Daniel took another sip of his coffee and smiled mysteriously.

 

“Not Coy.”

 

And that was all he would say on the matter. Freezay didn’t seem to think my question was pertinent, so he didn’t force the issue. Instead, he zeroed in on what Daniel remembered of Coy’s departure.

 

“So, you said you’d see her in the room later and went back to the dinner?”

 

Daniel nodded.

 

“That’s it. That’s all that happened, and when I went back to the room, she was gone. I never saw her again.”

 

Freezay dipped his toast in the coffee and sat back in his armchair, plunking his feet down on top of the coffee table.

 

“Anything else? Anything we should know before I send you on your merry way?” Freezay asked.

 

“Well,” Daniel replied, “I don’t think it was a stomachache.”

 

“Me, neither,” Freezay agreed, yanking his feet off the coffee table and sitting up, so he could lean in close. “Did anyone else see the two of you talking?”

 

Daniel was thoughtful for a moment, eyes pensive, then he sat up straighter in his chair.

 

“The two servers.
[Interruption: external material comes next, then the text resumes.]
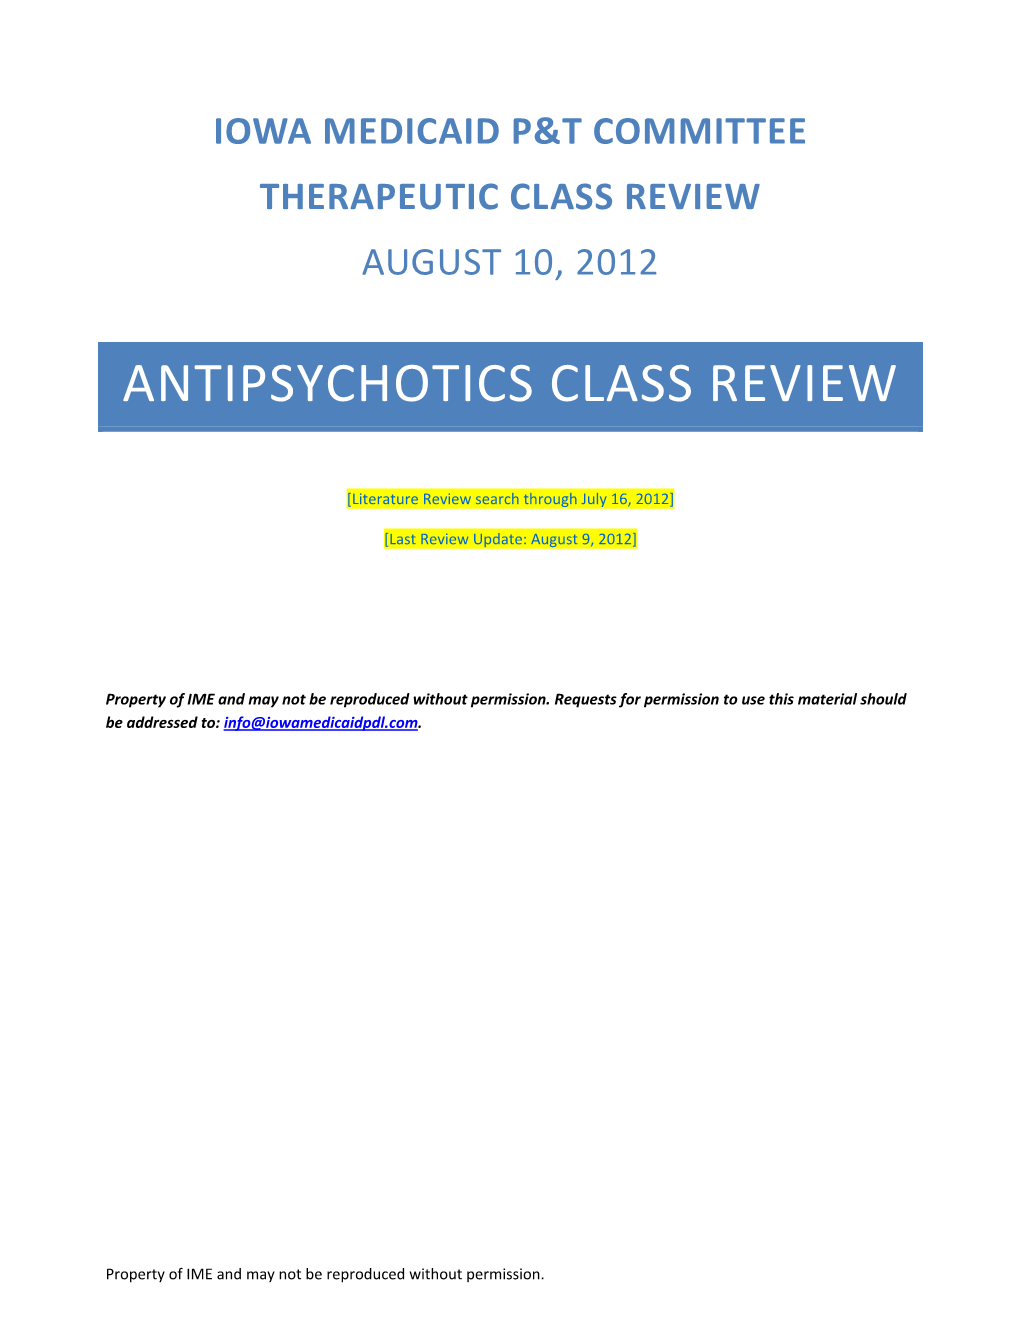 Antipsychotic Class Review

They were clearing the dishes. They walked right by us.”

 

sitting in front
of us on the love seat, hands folded primly in her lap, Connie Silver looked even smaller now than she had the night before. She was still in her serving outfit, her face haggard from lack of sleep, but she seemed calm, a secret smile playing at the corners of her lips.
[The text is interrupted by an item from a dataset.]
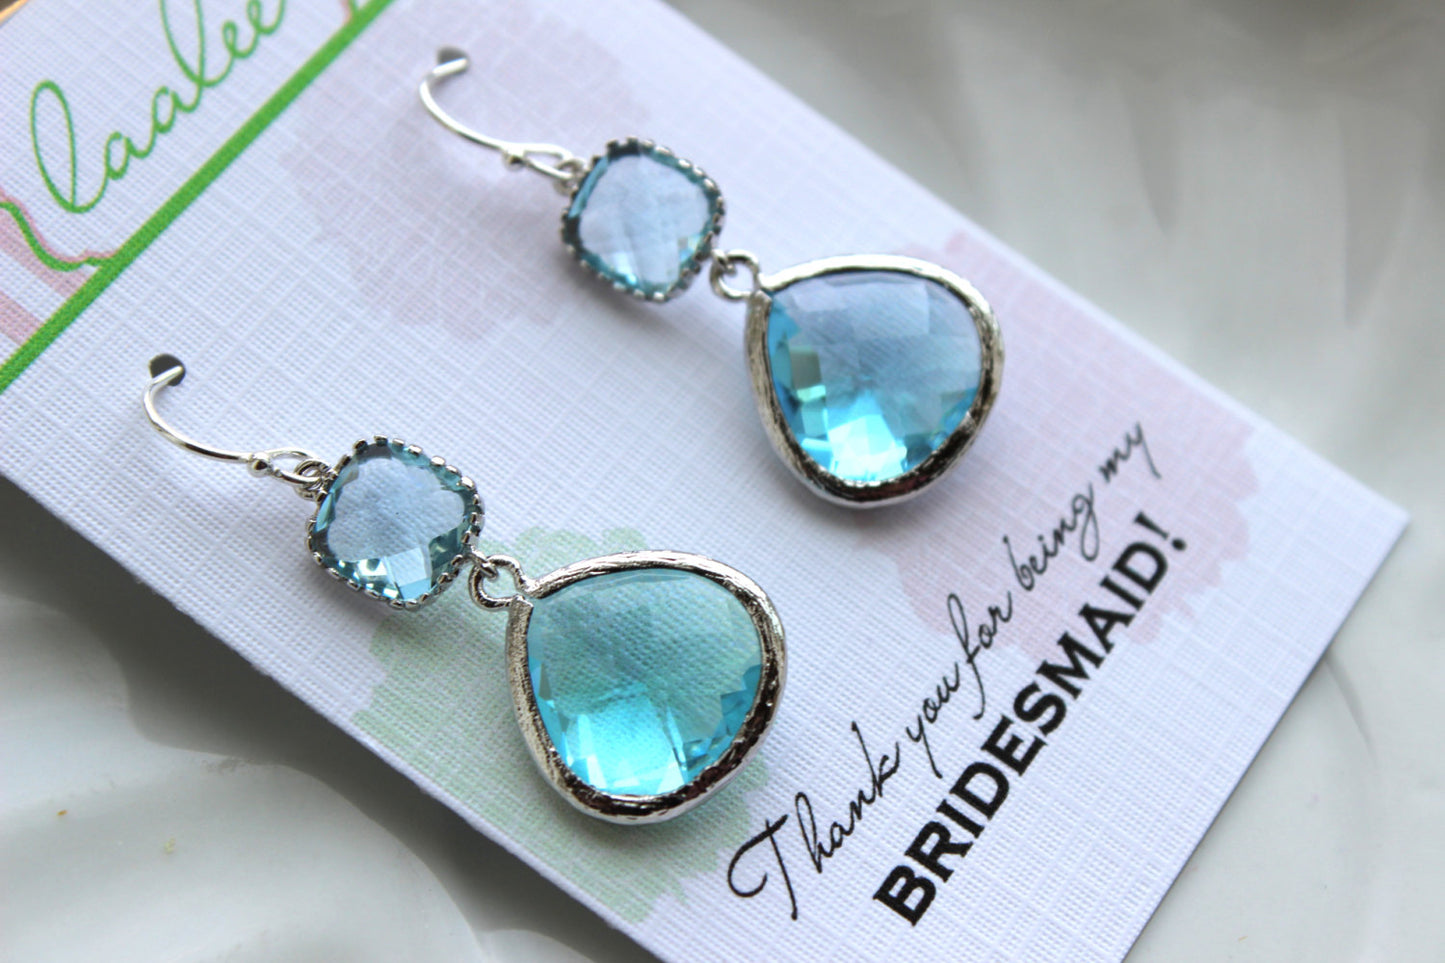 Silver Aquamarine Earrings Two Tiered - Aqua Blue Wedding Jewelry - Topaz Bridesmaid Earrings Gift Aquamarine Bridal Jewelry - Gift Under 35

Next to her, the other server, Horace Perez, was still as death, his lips compressed into a minimalist smile, though for the life of me, I couldn’t fathom what he had to be smiling about. Horace’s silent green gaze remained fixed on Freezay as the detective asked him questions, his eyes hardly ever blinking. He was lean and compact, his lithe body packed into a tight white T-shirt and cuffed dark-washed jeans. He reminded me of a leopard perched high on a tree branch, preparing to leap upon its unsuspecting prey.

 

“What were they arguing about?” Freezay asked again and Connie blinked, her eyes skittering around the room, her brain finally processing the question.

 

“No, I told you before. They weren’t fighting,” she said haltingly, her mouth dry as tissue paper. She swallowed and licked her lips, but that didn’t seem to help. “He was just trying to make sure she was okay.”

 

She couldn’t keep her fingers still as she talked, massaging her right wrist like it was an avocation.

 

“The man, he was, shall we say,
worried
about the woman,” Horace interjected, and it was the first time he’d spoken since the interview had begun. “She insisted she was fine and he went back into the dining room. She left … by herself.”

 

Connie stared at the man sitting next to her on the love seat, her eyes blinking furiously.

 

“You weren’t there when they came in,” she said, her tone accusatory. “I was the only one there.”

 

Horace tsked quietly to himself, shaking his head as if he were expressing regret for a friend’s unfortunate mistake.

 

“She has misspoken, but it is not on purpose,” Horace said, smiling benignly at Connie, who glared at him. “My partner was very distracted last night. She would not have noticed my entrance as she was too busy eavesdropping on the couple.”

 

“I was not—” Connie protested, but Freezay held up his hand for quiet.

 

“No petty squabbling, Ms. Silver. It’s unbecoming. Now, did either of you see which direction the victim took when she left? Perhaps she exited by the front entrance?”

 

“I don’t know where she went,” Connie Silver said, annoyed at being reprimanded. “I went to the kitchen.”

 

Horace shrugged his shoulders, cocking his head to the side in apology.

 

“I don’t know where she went, either,” he said. “I’m sorry.”

 

Freezay fell back into his chair, jarring the cup of coffee he held in his hand and slopping the lukewarm brown liquid out onto his woolen pants.

 

“Get out of here,” he barked. “Both of you.”

 

Connie shuddered, twisting her hands together nervously as she stood up. Horace, cool as a cat, rose from his seat, unflustered by Freezay’s outburst.

 

“I hope we were able to aid you in your investigation,” he said as he followed Connie to the door.

 

“You helped me more than you can know,” Freezay said, throwing the sentence away like it was nothing—but it seemed to have a profound effect on Horace, who paused midstep and turned back around to stare at Freezay.

 

“Excuse me?” Horace said, eyes narrowed.